Other Income (Expense)

Interest expense, net of capitalized interest, increased $11.3 million between the comparative first nine months of 2015 and 2014 due primarily to less interest capitalized associated with unproved properties and higher average bank debt outstanding. We capitalized interest based on the net book value associated with unproved properties not being amortized, the construction of additional drilling rigs, and the construction of gas gathering systems. Capitalized interest for the first nine months 2015 was $16.6 million compared to $24.5 million in the first nine months of 2014, and was netted against our gross interest of $40.1 million and $36.7 million for the first nine months of 2015 and 2014, respectively. Our average interest rate decreased from 6.7% to 5.5% and our average debt outstanding was $237.7 million higher in the first nine months of 2015 as compared to the first nine months of 2014 primarily due to the increase in outstanding borrowings under our credit agreement over the comparative periods.

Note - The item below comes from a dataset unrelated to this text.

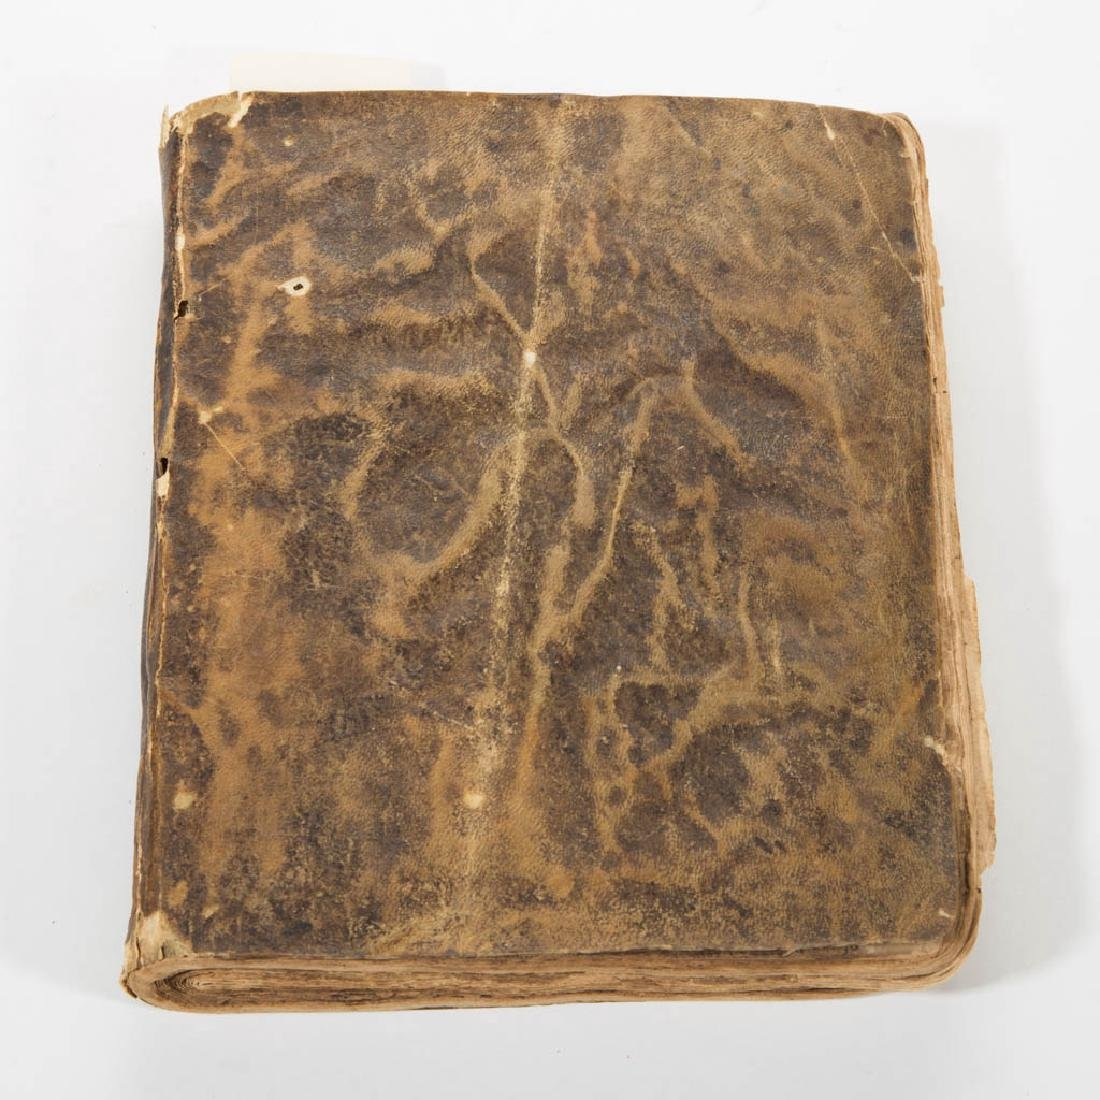 ENGLISH 18TH CENTURY MANUSCRIPT COPY BOOK - 4

Gain (loss) on derivatives not designated as hedges increased $22.2 million primarily due to fluctuations in forward prices used to estimate the fair value in mark-to-market accounting.

Income Tax Expense

Income tax expense (benefit) changed from an expense of $111.5 million in the first nine months of 2014 to a benefit of $438.9 million in the first nine months of 2015 due to a pre-tax loss primarily from the non-cash ceiling test write-downs. Our effective tax rate was 37.6% for the first nine months of 2015 compared to 38.4% for the first nine months of 2014. This decrease is primarily due to our permanent tax differences having a lesser impact on our effective tax rate due to our pre-tax losses in the first nine months of 2015. Current income tax benefit was $1.7 million for the first nine months of 2015 compared to current income tax expense of $23.7 million for the first nine months of 2014 with the decrease primarily due to decreased anticipated alternative minimum taxes. We paid $3.3 million of income taxes in the first nine months of 2015.

Safe Harbor Statement

This report, including information included in, or incorporated by reference from, future filings by us with the SEC, as well as information contained in written material, press releases, and oral statements issued by or on our behalf, contain, or may contain, certain statements that are “forward-looking statements” within the meaning of federal securities laws. All statements, other than statements of historical facts, included or incorporated by reference in this report, which address activities, events, or developments which we expect or anticipate will or may occur in the future are forward-looking statements. The words “believes,” “intends,” “expects,” “anticipates,” “projects,” “estimates,” “predicts,” and similar expressions are used to identify forward-looking statements.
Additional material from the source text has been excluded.